Oh, it doesn’t mean that we won’t have fun, or joy, or feel wonderful a lot of the time, hopefully most of the time. It doesn’t mean that a marriage mightn’t fail in the end – it takes two to work. But it does mean that before two people marry, I think they must agree that when unhappiness or clouds or rains come, then too – and especially then – they will hold hands, and bring flowers, and say I love You, and have the courage and the faith and the wisdom to look deep and be honest and be open to the Mystery sometimes called Grace. And to becoming “new”.

“Rain or Shine”. It isn’t a prison. And it can’t be imposed, only accepted. It’s a tool to help two fragile people get beyond the raw patches of hurt feelings to the amazing experience of knowing what it means to be really loved. That feeling trumps all!

Brian+

Thursday, February 11, 2010

Brian’s Reflection: Thursday, February 11, 2010



The Rt. Rev. Barbara Clementine Harris, consecrated first
woman bishop in the Anglican Communion, as Suffragan
of Massachusetts, on this date, 1989


It was a glorious liturgy! I was the Rector of a parish in Providence RI, and went with several other clergy to Barbara’s consecration. I had been a supporter of the ordination of women to the priesthood from the get-go. And I wasn’t about to miss this great step! There were many glorious moments in the service. One terrific moment, which I could see fully as I was sitting high up, was the large number of bishops circled around her and the Presiding Bishop laying on hands for the consecration.

But the one I remember the best came as the Presiding Bishop turned to all of us in the congregation and asked:

Is it your will that we ordain Barbara a bishop?

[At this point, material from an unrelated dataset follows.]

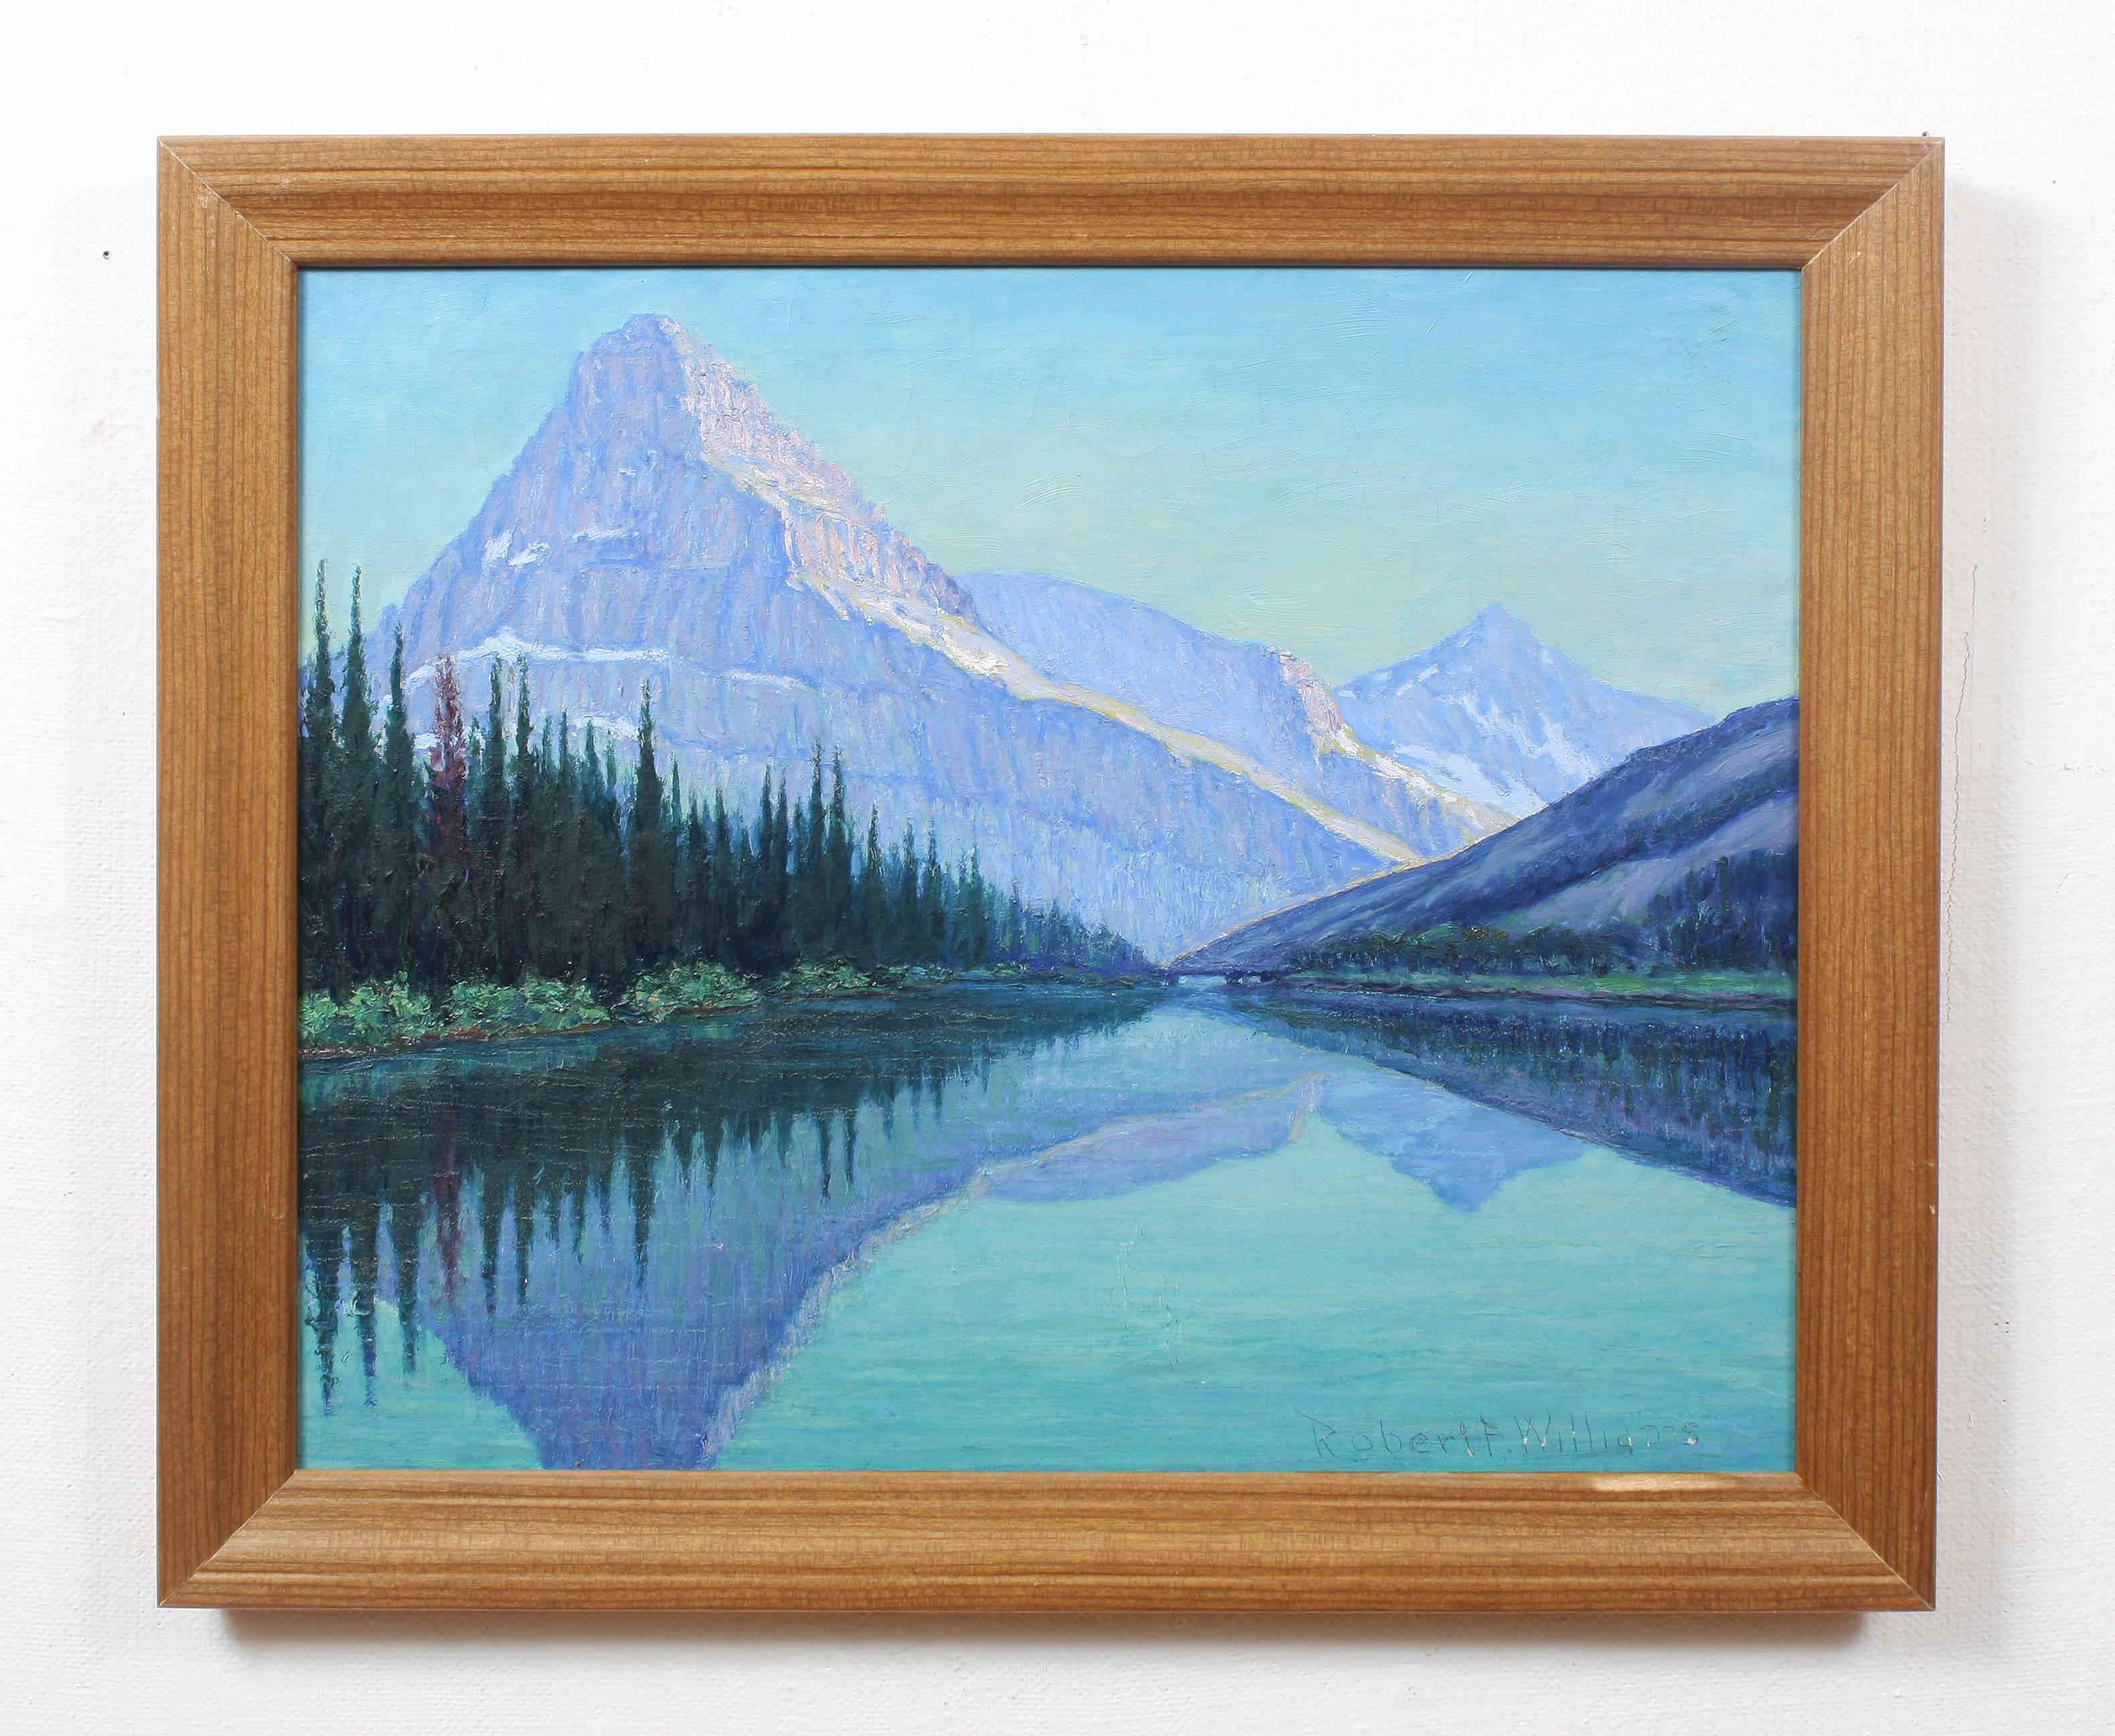 Glacier National Park Winter Landscape - Painting by Robert Francis Williams

And the huge roar came back from the thousands of us gathered there:

IT IS !!

And as I remember it, there were long moments of clapping and cheering!! A glorious moment. I was deeply moved, and deeply inspired, and grateful for the Episcopal Church.

There are many people being denied equality or oppressed or mistreated in many ways. Women are near or at the top of the list. Thousands raped in the Congo. Many killed by their families for perceived “dishnouring” of their families. Many mutilated to sexually satisfy men. Millions refused education.

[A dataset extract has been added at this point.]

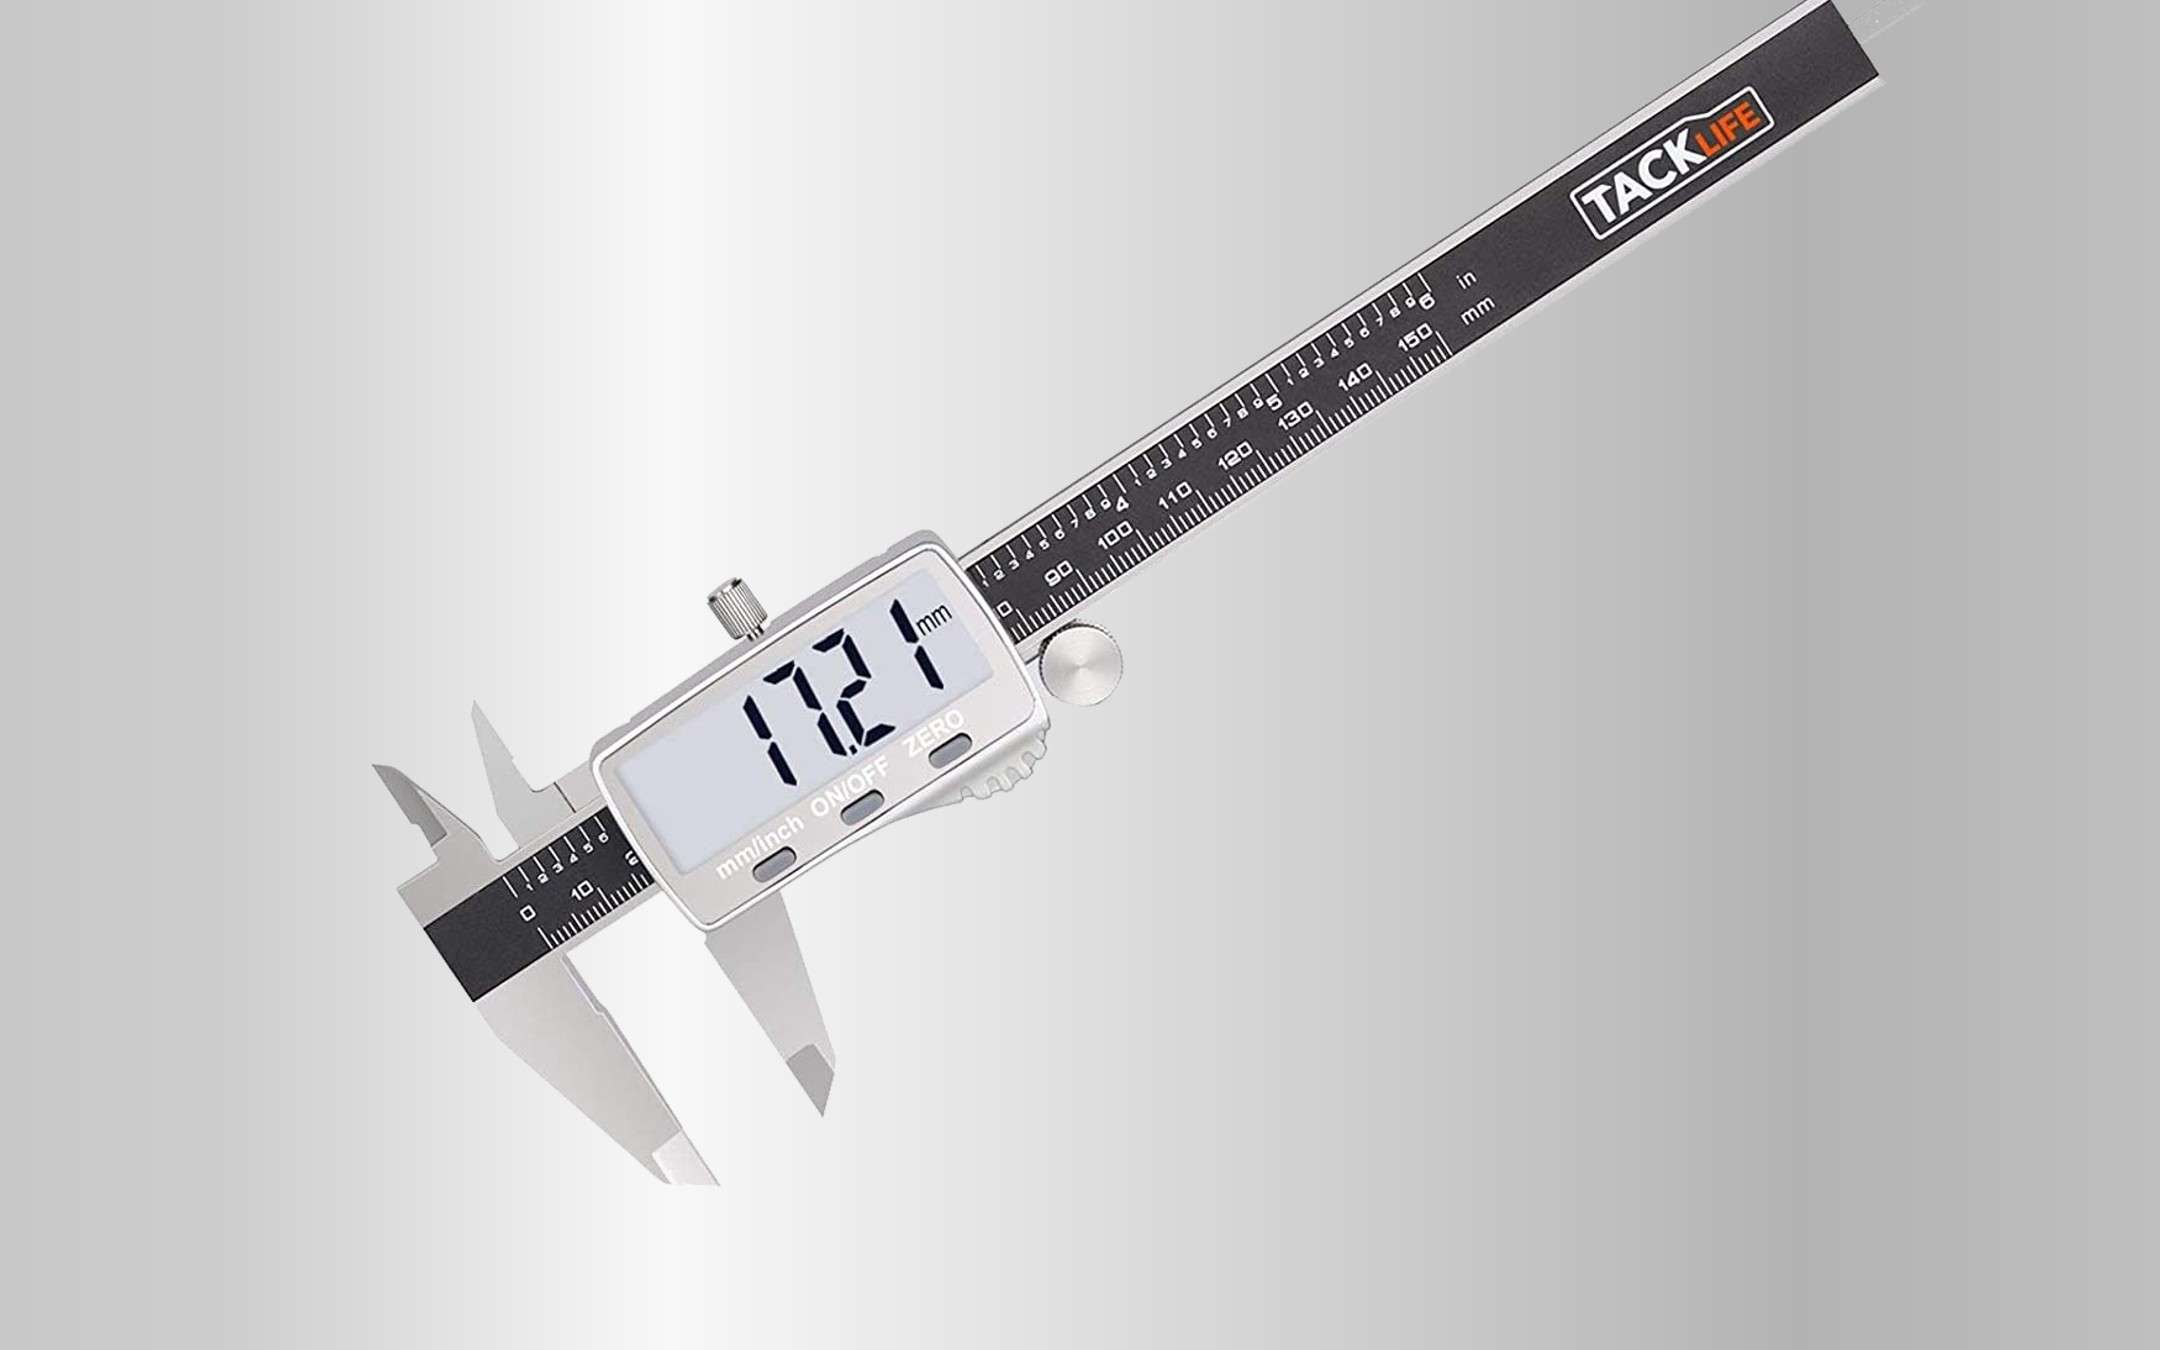 Digital caliper: tradition, innovation and discount

Barbara’s consecration reminds us all that there is a lot more to do.

Brian+

Tuesday, February 9, 2010









Brian’s Reflection: Wednesday, February 10, 2010

“A valiant standardbearer of liberty and humanity and compassion”. “An exemplar of great manly love.” So say words on Paul Monette’s grave plaque. Paul died on this day, 1995, of the complications of AIDS. Well I remember reading in 1988 the book he wrote, “Borrowed Time”, chronicling the fight against and death of his partner Roger Horwitz from AIDS. It deeply touched me, and it shaped my humanity and personhood. I wrote to him, and he responded. In 1992, he won the National Book Award for non-faiction with his autobiography, “Becoming a Man”.

The Teabaggers and their ilk are trying yet again to raise racism and homophobia in America. Alas, they seem to have many allies. I will never see them as patriots, as real Americans. Paul is one of my heroes. Doing his best, in the face of tremendous rejection, to be a “valiant standardbearer of liberty and humanity and compassion”. Paul is to me a true hero and patriot.

Today, I hear him speaking the motto on his gravestone: “Remember, love will see us through”. I’ll try my best to live that vision.

Brian+
Brian’s Reflection: Tuesday, February 9, 2010

Expect nothing. Live frugally on surprise.

Alice Walker, artist, author, born on
this date, 1944, in Eatonton, Georgia


In a way, to “expect nothing” is to expect Everything. And in a way, expecting nothing or everything is about being Free. Free to live completely. Not to be trapped or limited in the experience of Life. Free to be content with what we have. Understanding that most of the things we think we need to be happy we don’t. Free from envy. Free from a sense of deprivation. Open to the delight of surprises that come our way. Able to see what wonder and joy come to us from simple things.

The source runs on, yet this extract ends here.